Все права на текст принадлежат автору: Сигизмунд Доминикович Кржижановский, Юлиан Тувим.
Это короткий фрагмент для ознакомления с книгой.
Рыцарь духа, или Парадокс эпигонаСигизмунд Доминикович Кржижановский
Юлиан Тувим

Сигизмунд Кржижановский Рыцарь духа, или Парадокс эпигона


«Нет, я не знаю слов, разящих и могучих…» (О поэзии Сигизмунда Кржижановского)

Максиму Калинину

Читательский и филологический бум, вызванный возвращением в отечественную словесность имени и произведений Сигизмунда Доминиковича Кржижановского (1887–1950), прошёл. Теперь никому в голову не придёт оспаривать право этого автора на место в истории литературы. Книги Кржижановского встали на полки общедоступных и домашних библиотек; постепенно идёт осмысление его творчества, изучение которого, надо думать, через поколение-два станет частью учебных программ.
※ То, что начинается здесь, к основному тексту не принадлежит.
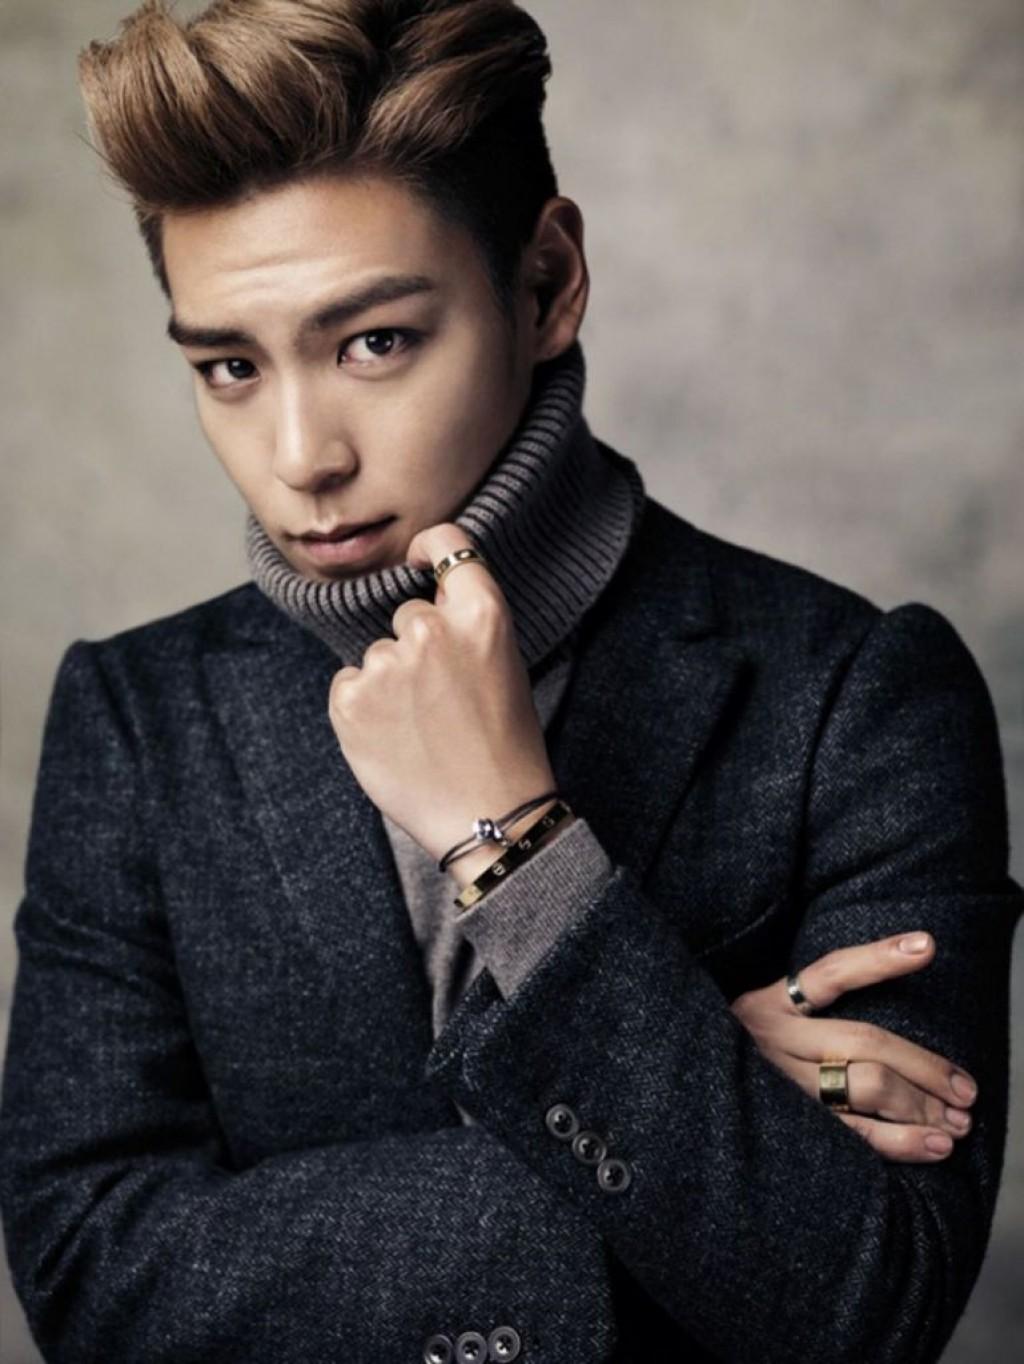 Fabulous Latest Trendy Asian Amp Korean Hairstyles For Men 2015 Bellatory Short Hairstyles Gunalazisus

Будучи сыном своей культуры, Кржижановский, только начиная осмысливать собственное будущее как литератора, первоначально попытался освоить ту область, которая считалась в начале XX века главной – поэзию. Этот путь проделали многие его современники, достаточно указать, например, на Алексея Толстого – Горького – Каверина – Платонова – Олешу – Катаева – Грина – Домбровского…. Стихи Кржижановский иногда публиковал[1], но, осознавая их несовершенство, не выпустил ни одной книги («Настолько-то я поэт, чтобы не писать стихов» – эта фраза писателя из «Записных тетрадей» стала эпиграфом к послесловию в «Книжной душе»[2]; в другом случае читаем: «Скучно быть не-Пушкиным – грустно не быть Гёте»: тоже ведь искренняя самохарактеристика). Непреложный факт: поэзия Кржижановского намного слабее его прозы.

Но вслед за мёртвыми рядами
Чеканных вымыслов ума
Идёт неверным шагами
Дочь света, вечная Душа
(«Душа и мысли») – этот и подобные случаи свидетельствуют об ограниченной способности автора справиться со словами и заключёнными в них смыслами: порой чеканные вымыслы не находят соответствующего воплощения. Безусловно, Кржижановский и сам это понимал.

Однако стихов он не уничтожил – хотя мог бы. И они не пропали – хотя могли бы. Могила Кржижановского вот исчезла, а поэзия – нет: воистину странствующее «странно». И после его смерти тетради с рукописными текстами были сданы Анной Гавриловной Бовшек в ЦГАЛИ (ныне РГАЛИ), где хранятся до сих пор.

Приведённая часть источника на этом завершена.